Suspendues, carillons et drapés se mêlaient. S'engouffrant dans le minaret, les deux chantaient au rythme du vent, emporté dans une sinistre harmonie. L'enceinte laissait paraître sous les écailles tombantes de peinture, des murs jaunis par le temps et l’usure. Dans la cour, les pavées avaient fait place à un sol battu, sale et poussiéreux. De toute part, débris, déchets et ordures envahissaient les lieux. La fontaine centrale autrefois limpide était remplie d’une eau stagnante et pourrissante, laissant émerger parmi une écume verdâtre des vêtements usagés, de la nourriture consommée et de débris fissurés. La désolation et la décrépitude habitaient les lieux.

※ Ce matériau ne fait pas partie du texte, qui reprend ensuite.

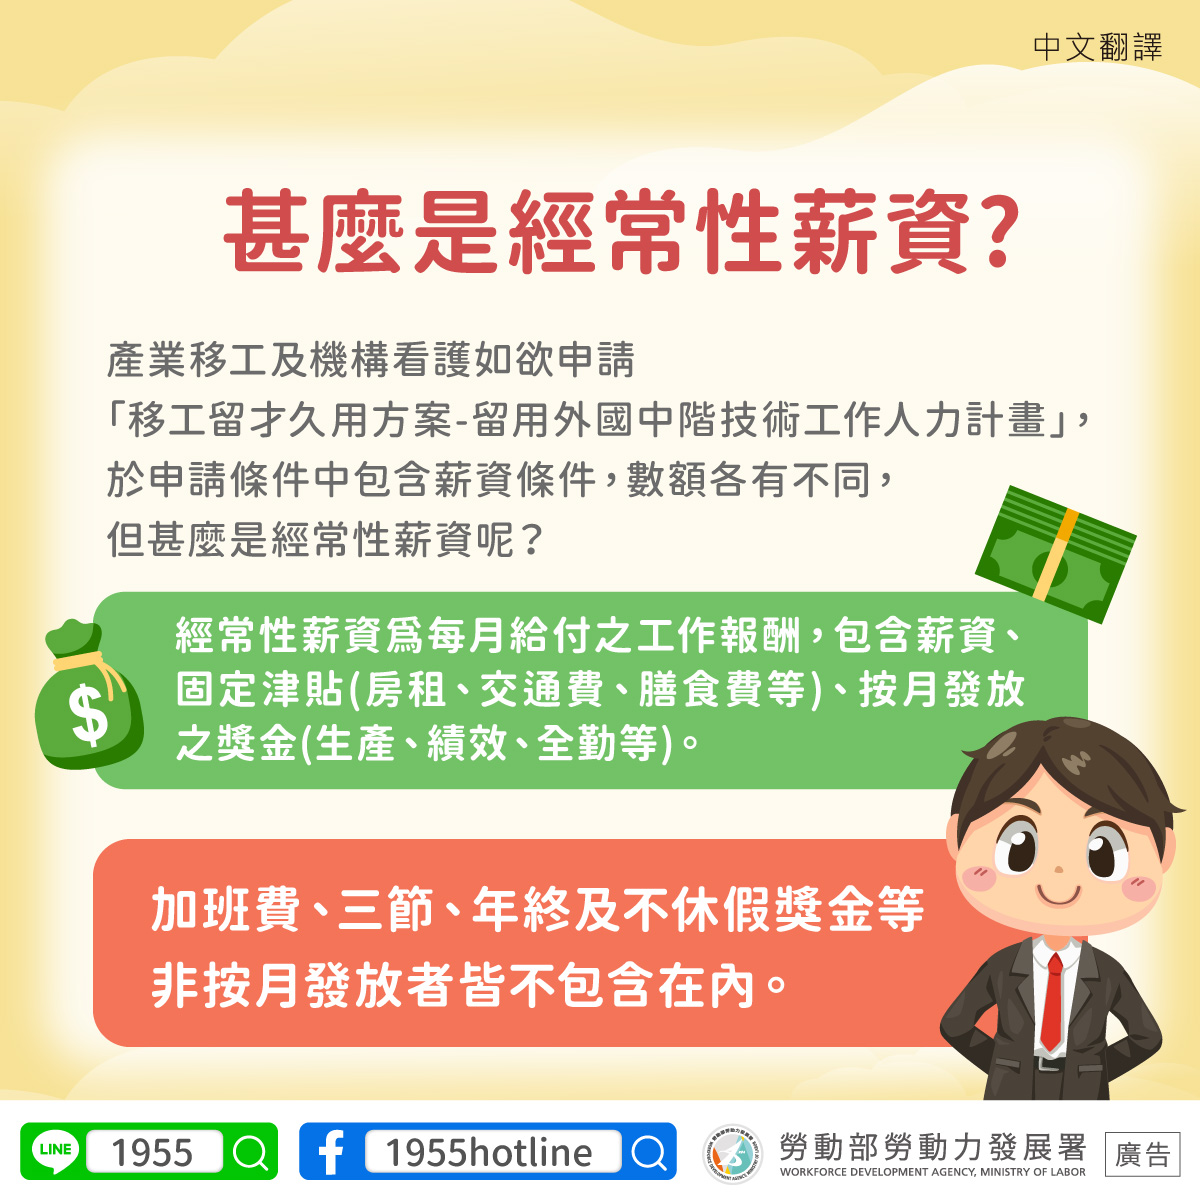 經常性薪資-中文翻譯

À l’usure du temps se fondait la malveillance de l’humain. Tag de haine sur les murs, autodafé de livres et sang séché, la violence identitaire et la haine raciale s’étaient, quelques années auparavant, déchaînées en ces lieux, ne laissant derrière elle que désolation. La mosquée était, à présent, morte.
La nature avait repris ses droits. Les végétaux ondulaient le long des colonnes, s’hissant jusqu’à la voûte et obstruait les coursives. Les oiseaux installaient leurs nids parmi le réseau dense de branches, semblable à rhizome émergé. Les renards y venaient creuser leurs terriers, tandis que les chiens sauvages y venaient chasser leurs proies, mais aucun n'osait s’aventurer dans la nef centrale.

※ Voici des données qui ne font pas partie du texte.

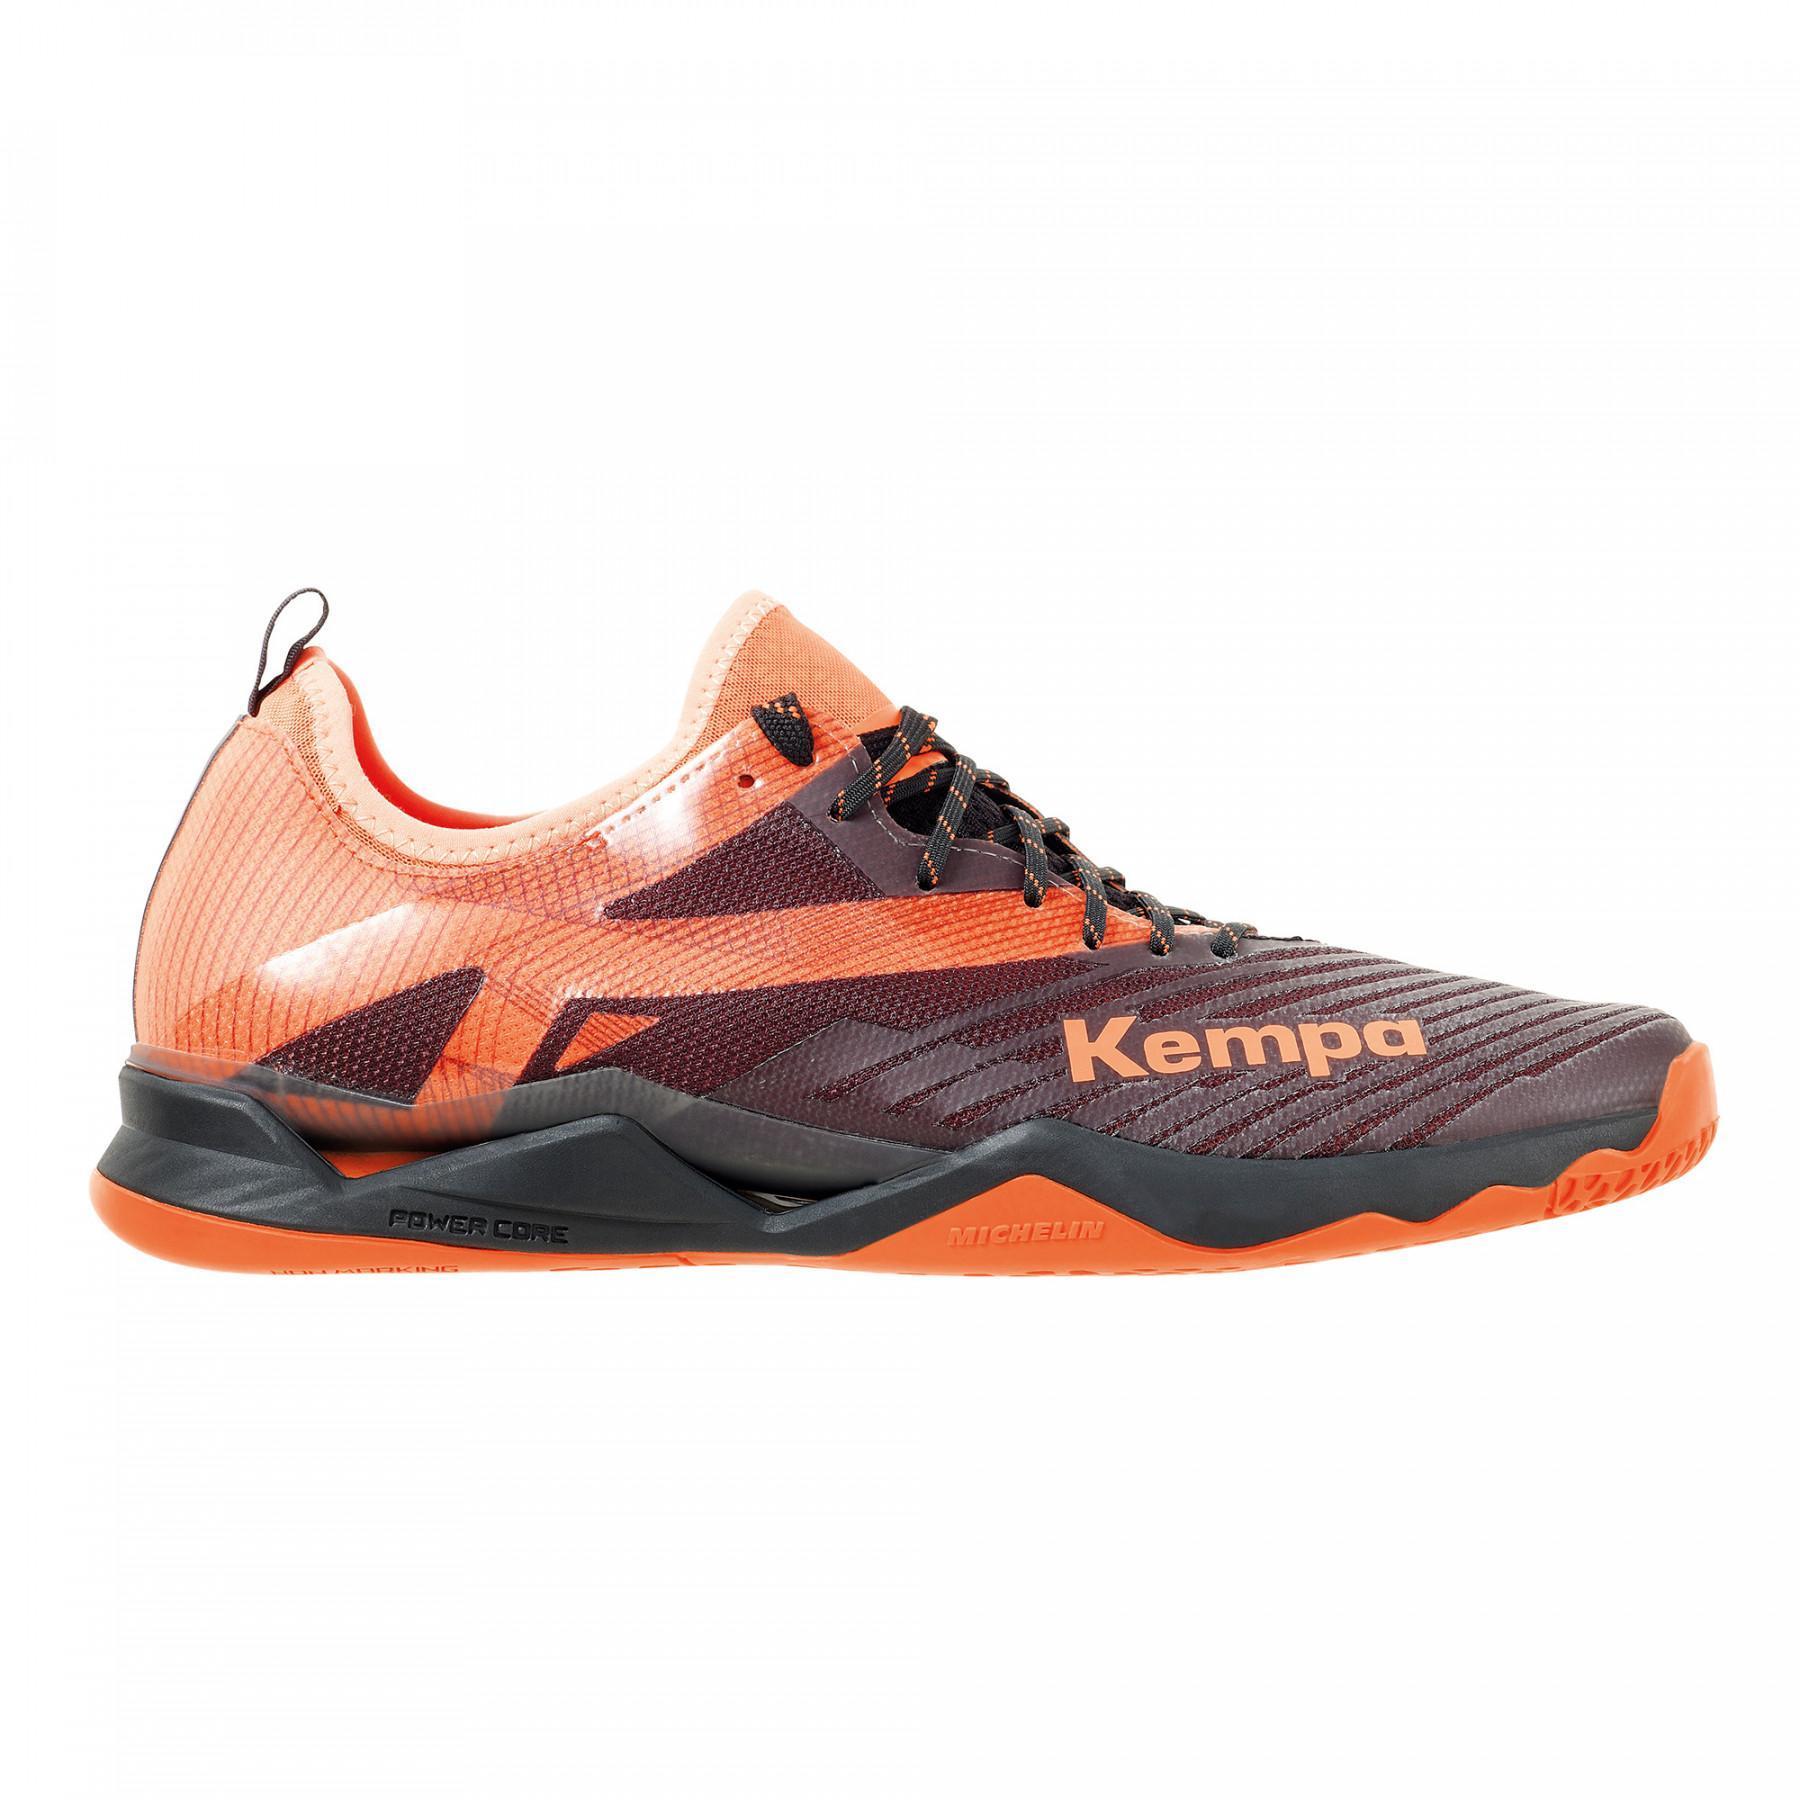 Schuhe Kempa Wing Lite 2.0

Une beauté crépusculaire et putrescente hantait les lieux. La mort et la vie y dansaient dans une valse sublime.
S’approchant de la nef centrale, un œil spectral scruta les environs. Enquêtant et recherchant le moindre indice de la présence d’une créature. La porte principale, brisée, veinée de verdure, laissait paraître une pénombre impénétrable. Une aura inquiétante y émergeait, repoussant les animaux alentour, mais ne s’aventurant pas plus loin. Loin de la nature véhémente, conquérante et auto-destructrice des humains, ceux que les sorciers appelaient monstres, démontrés bien plus de sagesse et sobriété que ceux qui les chassaient. S’immobilisant et examinant les lieux davantage, un loup approcha de l'œil, comme attiré par sa présence. Reniflant l’étrange objet dans un premier temps, il apprécia son odeur. Curieux, il commença à le laper. L'œil ne réagit pas, semblant aimer le toucher de l’animal. D’autant plus intéressé, le loup mordit dans une douce affection. À cela, une étincelle surgit de l'œil, faisant fuir l’animal face au coup de semonce.

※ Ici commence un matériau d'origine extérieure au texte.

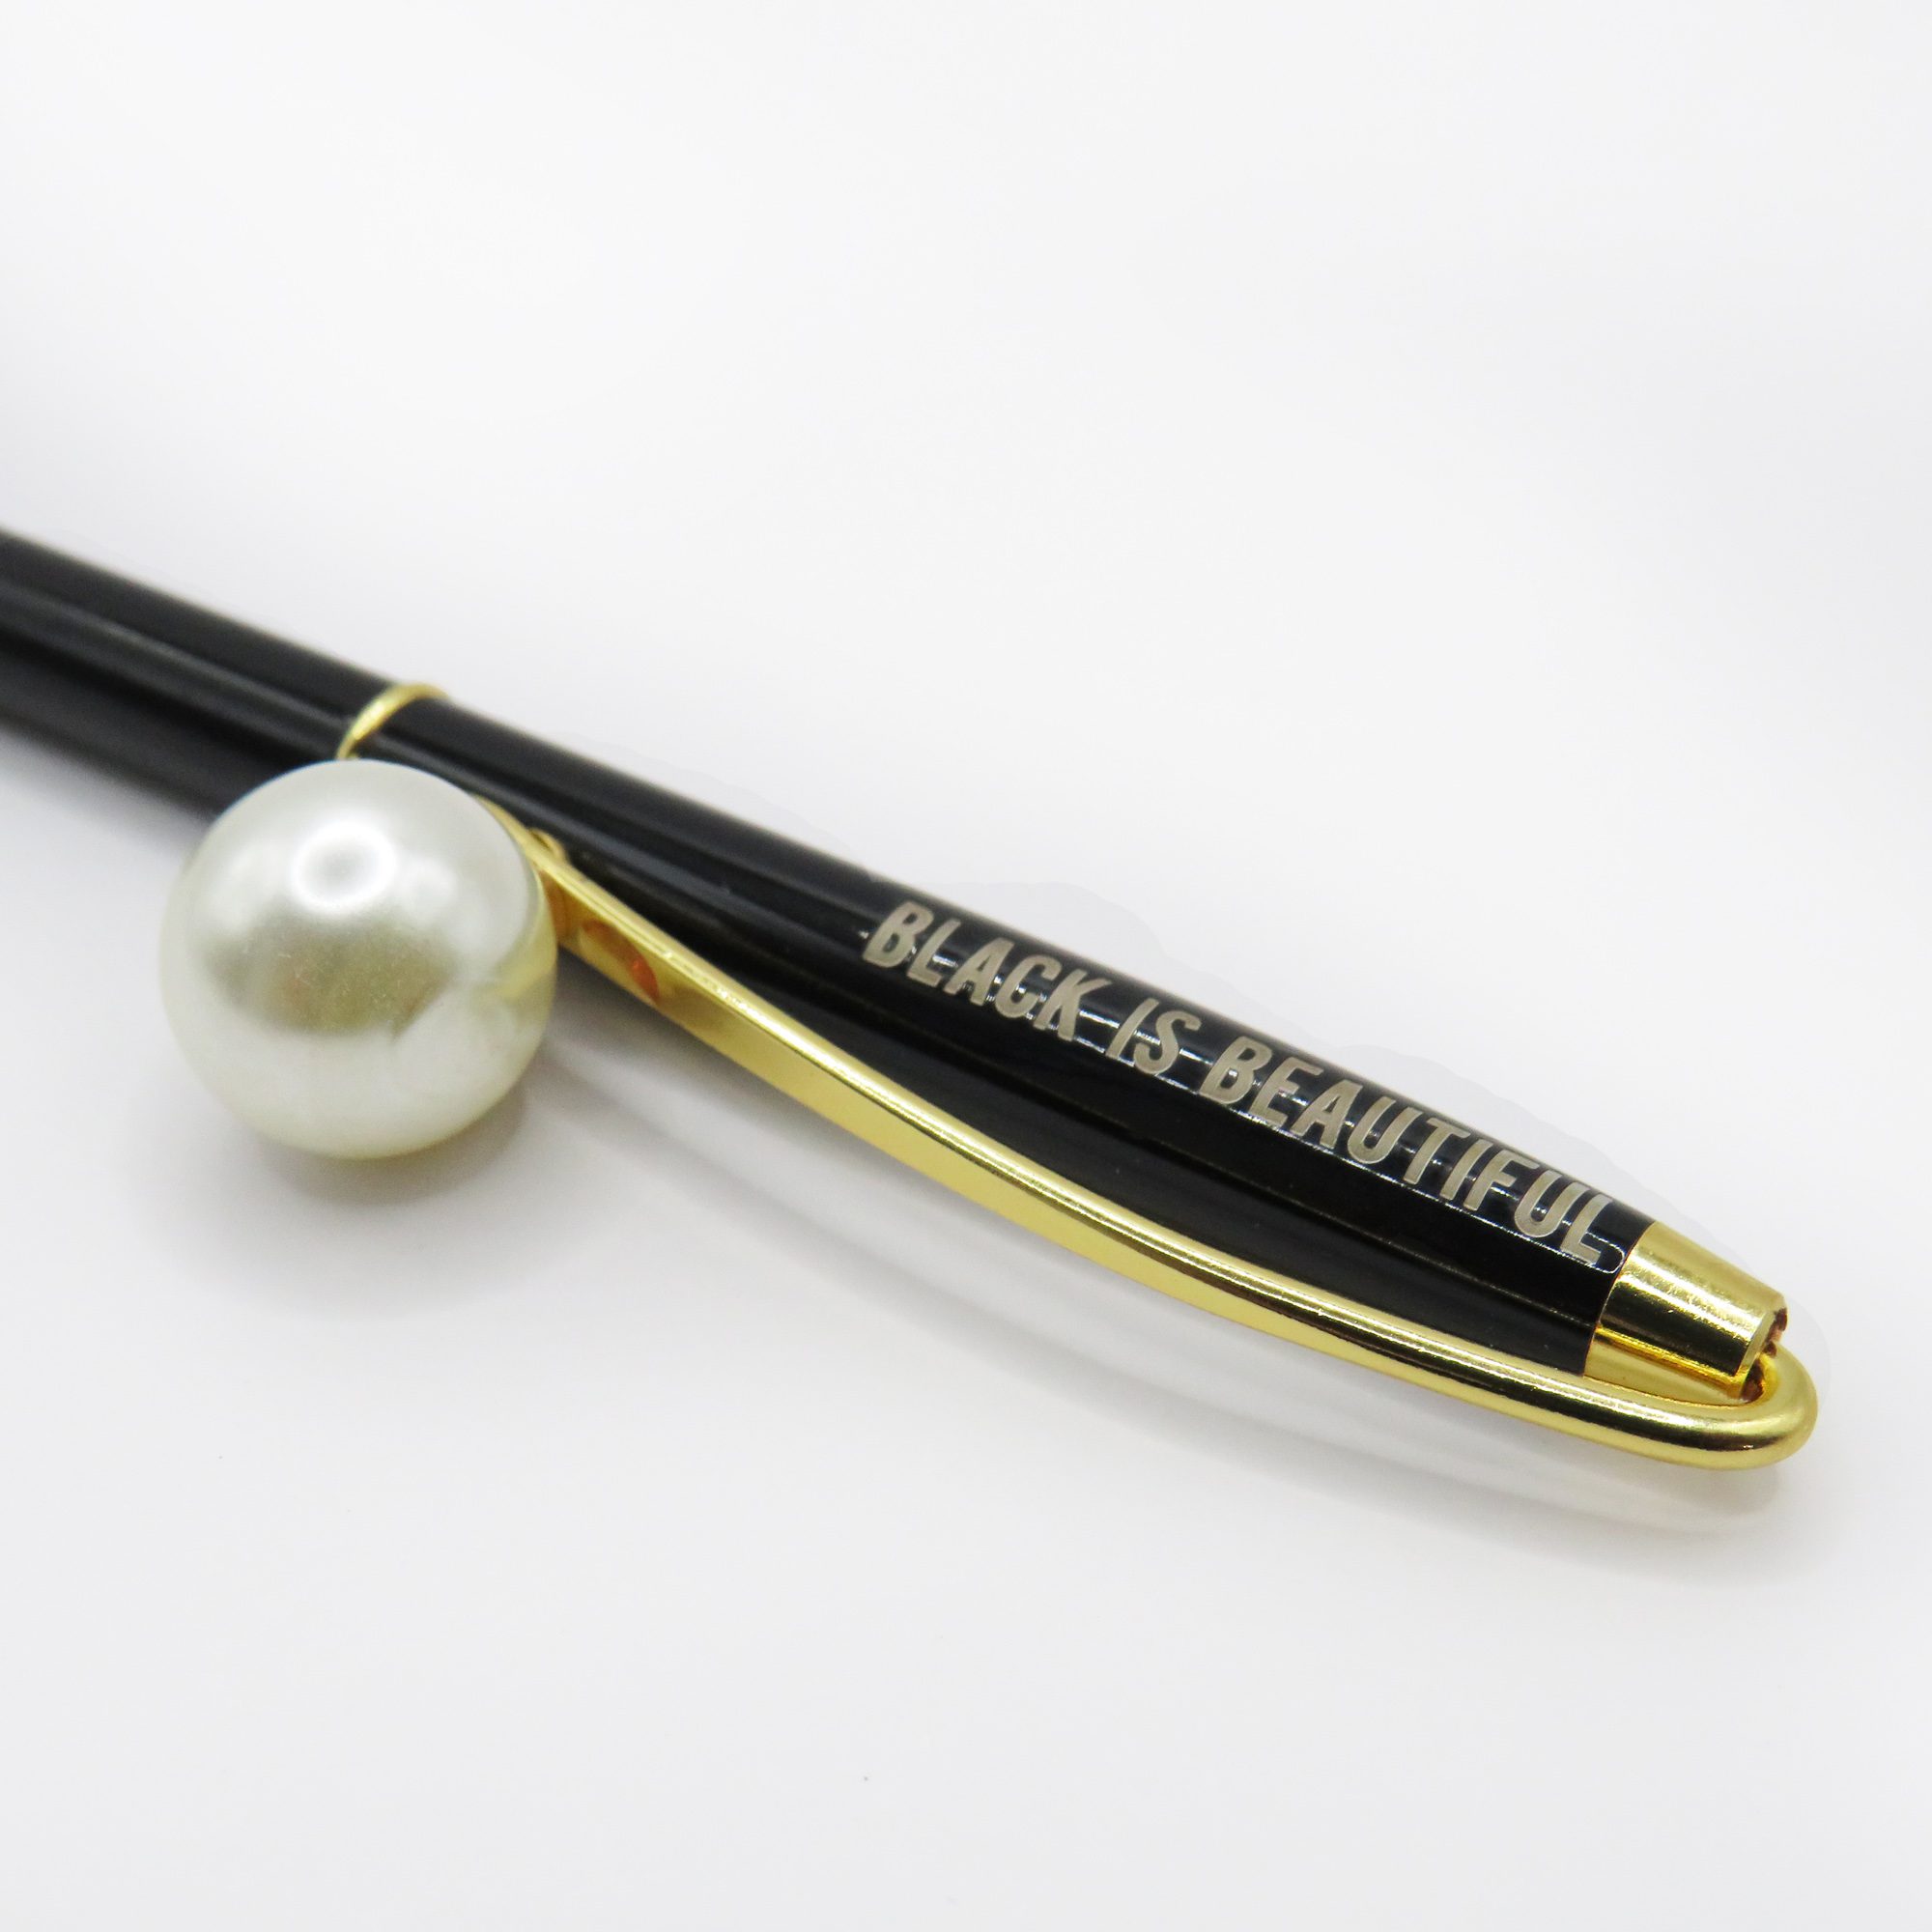 Black is Beautiful – Luxury Pen

Survolant la cour, l'œil pénétra la nef centrale par l’une des ouvertures de la coupole. À l'intérieur, des piliers, fracturés par la main des humains, se tenaient aux côtés de structures éventrées. Soutenant l’édifice, des arbres embrassaient les piliers effondrés. Les carcasses d’animaux, d’humains et de créature entrelacés se mêlaient aux arbres. Entre leurs branches, leurs racines et leurs troncs émergeaient de leurs écorces des bras pourrissant, des visages décharnés et des membres en décomposition. De ces arbres, fleurissaient des bourgeons sublimes, des oiseaux y venaient s’y nicher et des insectes s’y abritaient ou butinaient. La vie et la mort s'entremêlent dans ces lugubres et magistrales arborescences.
Partout, dans la nef, cadavres et charognes ruisselant de sang y étaient entreposés. Le sol fissuré, les murs brisés et les colonnes éventrées étaient zébrés de sang et d’os. L’organique se mêlant au minéral. Une poésie macabre et une beauté sépulcrale enivraient les lieux. Tout horrible et dérangeant était l'environnement, elle était façonnée avec une minutie merveilleuse. Il en ressortait une étrange attraction, un cauchemar fascinant et repoussant à la fois.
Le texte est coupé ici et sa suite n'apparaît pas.